干细胞研究中心,狎鸥亭奇迹诊所,韩国
干细胞研究中心,狎鸥亭奇迹诊所,韩国
DOI: 10.15761 / MCA.1000147
标准的人多能干细胞(hPSCs)培养具有支持细胞,如失活的小鼠胚胎成纤维细胞(MEF)喂养细胞,可帮助细胞生长,向培养基中分泌几种重要的生长因子,有助于维持多能性和防止分化[1]。以饲料为基础的培养适合于hPSCs菌落的日常维护,而mef是最常用的饲料细胞,特别是因为它们支持所有类型的胚胎干细胞作为菌落[2]的健壮生长。然而,由于MEF具有复杂和不确定的异质性,各种人类细胞类型,如人成纤维细胞,输卵管,包皮和骨髓来源的基质细胞,可以作为喂养细胞代替MEF[2]。以饲料为基础的培养适合于常规的hPSCs维护、基因工程和单细胞克隆,但不用于临床应用。
无饲料培养,如添加激活素A和FGF-2的KSR,已被证明支持在未分化状态下的人类胚胎干细胞[1]的自我更新。
由于集落培养或悬浮培养存在异质性和悬浮环境等缺点,不适合药物筛选或单细胞分析,单细胞非集落型单分子膜(NCM)培养已发展起来。多能干细胞的二维单层培养需要足够的细胞数量和细胞密度。HPSCs可以通过将单层细胞粘附到带弱负电荷的塑料容器上进行繁殖。细胞外基质蛋白和蛋白多糖首先从细胞中分泌形成基质,并附着在塑料容器上,如带负电荷的聚苯乙烯。细胞通过细胞表面的特定细胞表面受体附着在基质上。因此,使用具有更好表面的现有培养容器进行附着会导致更快的细胞附着[2]。

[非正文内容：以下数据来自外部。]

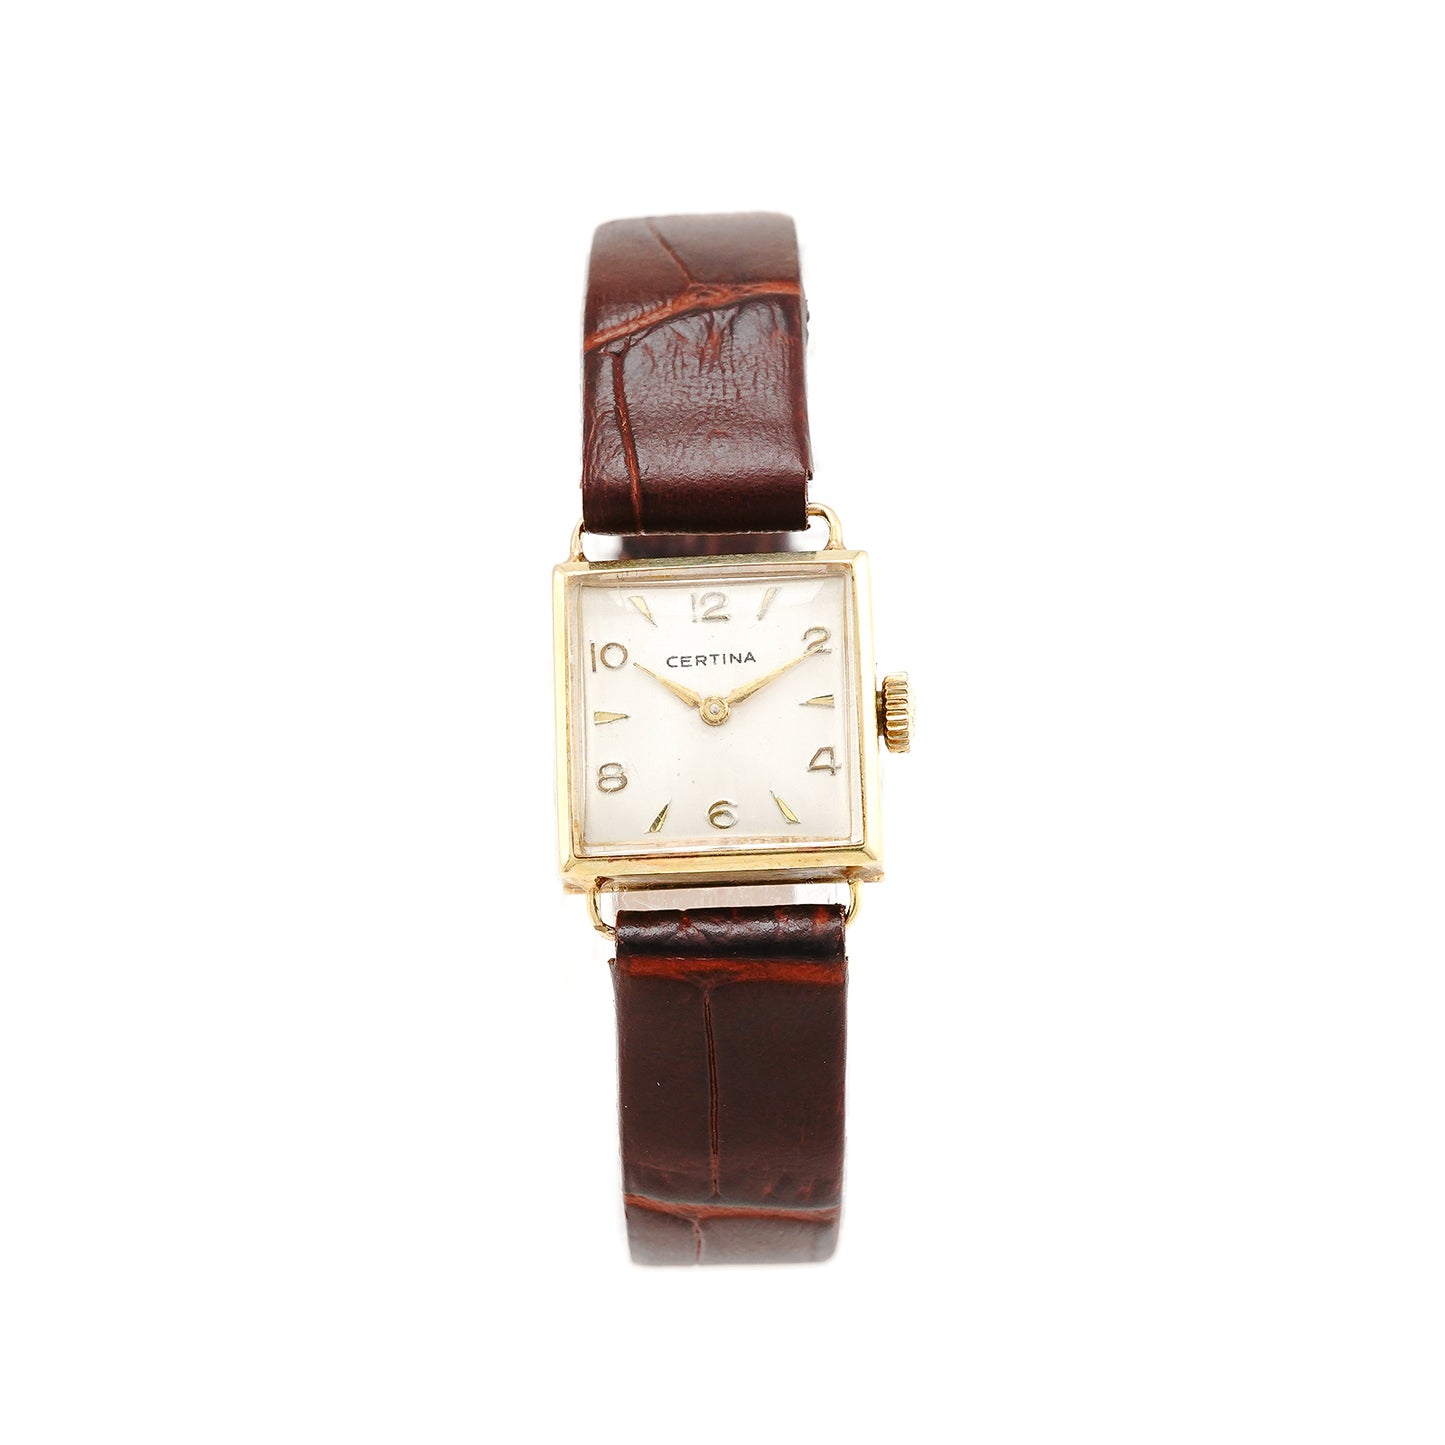 Armbanduhr CERTINA Damenuhr Gelbgold 14K Lederband Golduhr Handaufzug Vintage watch

高密度(约1.4 × 10)分离细胞(单细胞)5/厘米2)使用Rho激酶(ROCK)抑制剂或JAK抑制剂1在Matrigel包覆聚苯乙烯板上培养,其早期24 h的单细胞电镀效率较高。此外,hPSCs可以在人重组laminin-512包覆聚苯乙烯表面的NCM上培养,而无需使用ROCK抑制剂,在这种生长条件下的hPSCs一般具有遗传稳定性和多能性[3]。
这种培养的优点是无需喂养,生长速率可调,产生均匀的hPSCs,细胞快速生长,细胞在低温保存后快速(2-4天)恢复(与集落培养1 - 3周相比)。特别是,用NCM培养的hPSCs对畸胎瘤的形成非常有效,如果以块状[2]生长,可以转化为集落型培养。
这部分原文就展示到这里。